Итак, вечер совершенно поправился.
Молодежь, по обыкновенно, то присоединялась к остальным, то отделялась, то вся, то не вся; раза два отделялся к ней Бьюмонт; раза два отбивала ее всю от него и от серьезного разговора Вера Павловна.
Болтали много, очень много; и рассуждали всей компаниею, но не очень много.
Сидели все вместе.
— Ну что ж, однако, в результате: хорошо или дурно? — спросил тот из молодежи, который принимал трагическую позу.
— Более дурно, чем хорошо, — сказала Вера Павловна.
— Почему ж, Верочка? — сказала Катерина Васильевна.
— Во всяком случае, без этого жизнь не обходится, — сказал Бьюмонт.
— Вещь неизбежная, — подтвердил Кирсанов.
— Отлично дурно, следовательно, отлично, — решил спрашивавший.
Остальные трое его товарищей кивнули головами и сказали: «Браво, Никитин».
Молодежь сидела в стороне.
— Я его не знал, Никитин; а ты, кажется, знал? — спросил Мосолов.
— Я тогда был мальчишкою. Видал.
— А как теперь тебе кажется, по воспоминанью, правду они говорят? не прикрашивают по дружбе?
— Нет.
— И после того его не видели?
— Нет. Впрочем, ведь Бьюмонт тогда был в Америке.
— В самом деле! Карл Яковлич, пожалуйста, на минуту. Вы не встречались в Америке с тем русским, о котором они говорили?
— Нет.
— Пора бы ему вернуться.
— Да.
— Какая фантазия пришла мне в голову, — сказал Никитин, — вот бы пара с нею.
— Господа, идите кто-нибудь петь со мною, — сказала Вера Павловна, — даже двое охотников? Тем лучше.
Остались Мосолов и Никитин.
— Я тебе могу показать любопытную вещь, Никитин, — сказал Мосолов. — Как ты думаешь, она спит?
— Нет.
— Только не говори. Ей можешь потом сказать, когда познакомишься побольше. Другим — никому. Она не любит.
Окна квартиры были низко.
— Вот, конечно, это окно, где огонь? — Мосолов посмотрел. — Оно. Видишь?
Дама в трауре сидела, пододвинув кресла к столу. Левою рукою она облокотилась на стол; кисть руки поддерживала несколько наклоненную голову, закрывая висок и часть волос. Правая рука лежала на столе, и пальцы ее приподымались и опускались машинально, будто наигрывая какой-то мотив. Лицо дамы имело неподвижное выражение задумчивости, печальной, но больше суровой. Брови слегка сдвигались и раздвигались, сдвигались и раздвигались.
— И все время так, Мосолов?
— Видишь. Однако иди, а то простудимся. И то уж четверть часа стоим.
— Какой ты бесчувственный! — сказал Никитин, пристально посмотрев на глаза товарища, когда проходили мимо ревербера через переднюю.
— Причувствовался, братец. Это тебе впервой.
Подавали закуску.
— А славная должна быть водка, — сказал Никитин, — да какая же крепкая! Дух захватывает!
— Эх, девчонка! и глаза покраснели! — сказал Мосолов.

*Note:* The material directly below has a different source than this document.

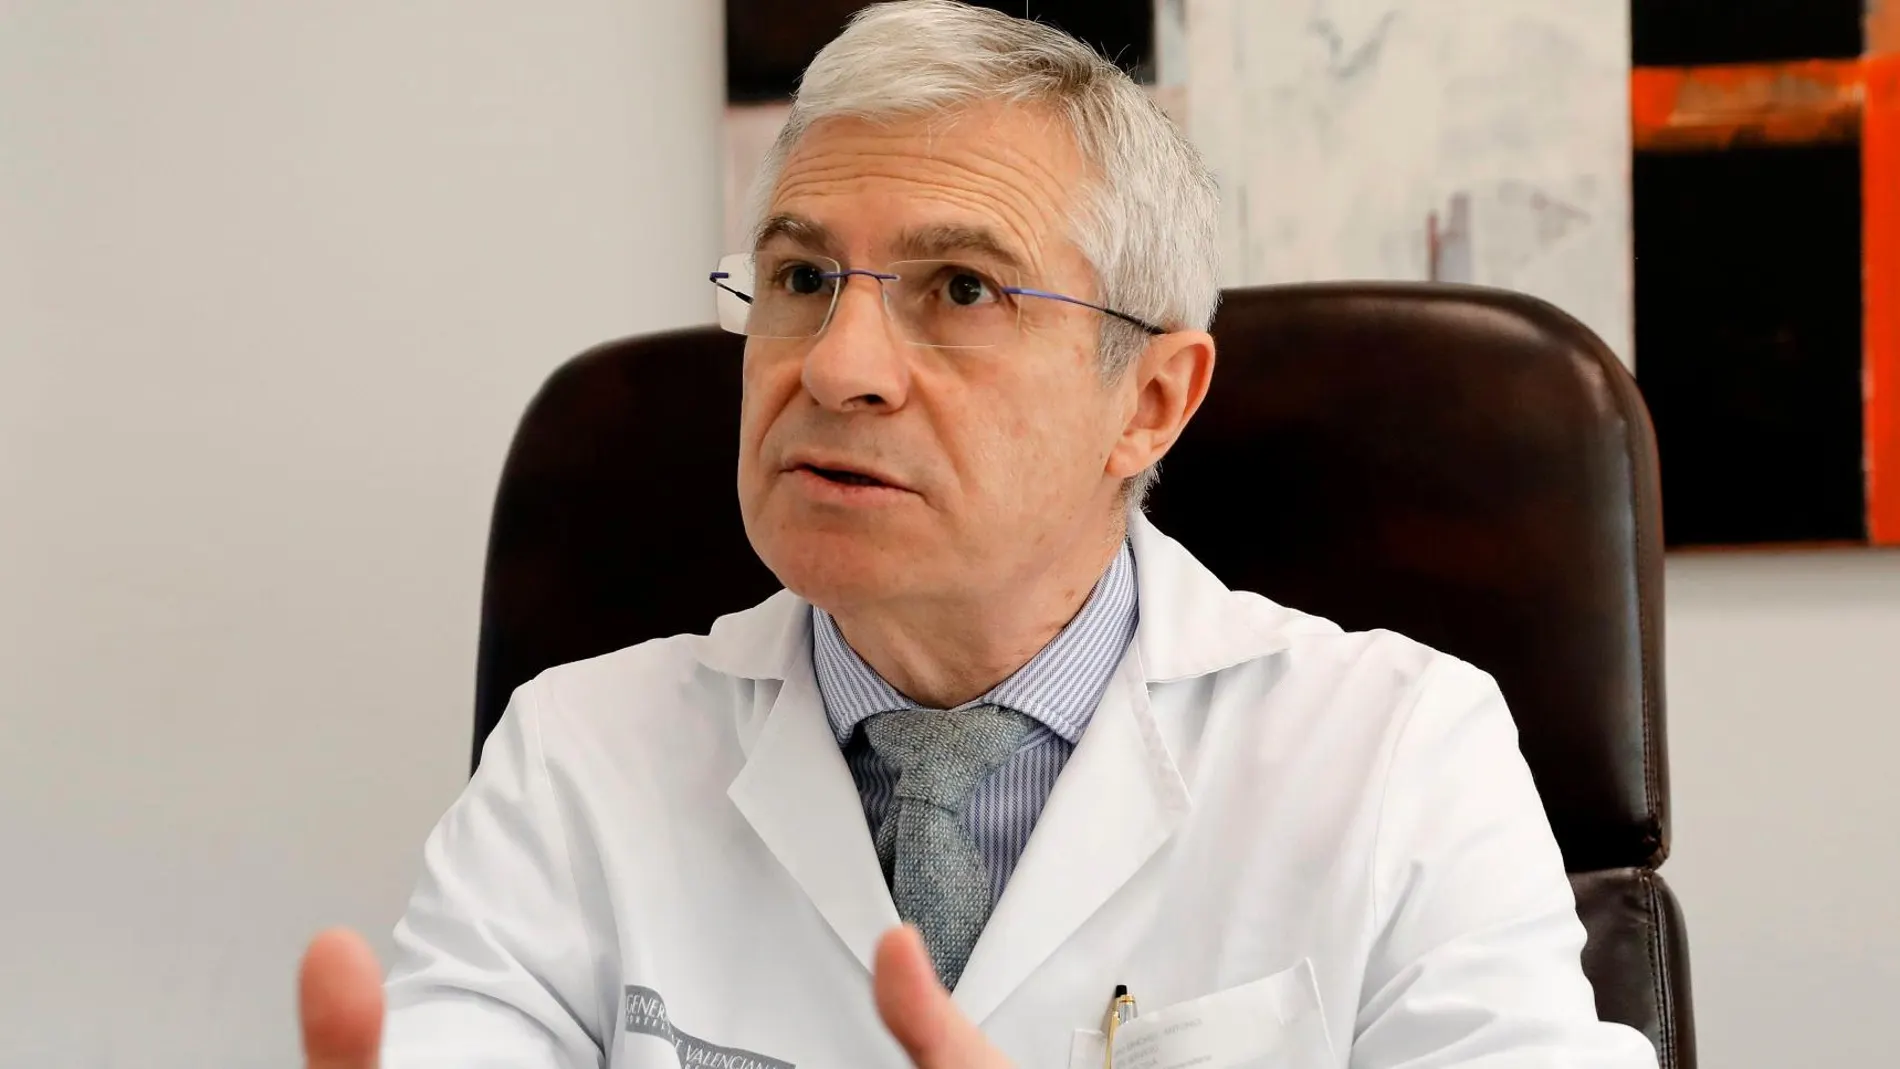 El doctor Antonio Cano, nuevo presidente electo de la Sociedad Europea de Menopausia y Andropausia. Cano es el primer español en ocupar este cargo, afirma que la menopausia actual «no tiene nada ver» con la del siglo XX. EFE

Все принялись стыдить Никитина. «Это только оттого, что я поперхнулся, а то я могу пить», — оправдывался он. Стали справляться, сколько часов. Только еще одиннадцать, с полчаса можно еще поболтать, успеем.
Через полчаса Катерина Васильевна пошла будить даму в трауре. Дама встретила ее на пороге, потягиваясь после сна.
— Хорошо вздремнули?
— Отлично.
— И как чувствуете себя?
— Превосходно. Я ж вам говорила, что пустяки: устала, потому что много дурачилась. Теперь буду солиднее.
Но нет, не удалось ей быть солидною. Через пять минут она уж очаровывала Полозова, и командовала молодежью, и барабанила марш или что-то в этом роде черенками двух вилок по столу. Но торопила ехать, а другие, которым уж стало вовсе весело от ее возобновлявшегося буйства, не спешили.
— Готовы лошади? — спросила она, вставая из-за закуски.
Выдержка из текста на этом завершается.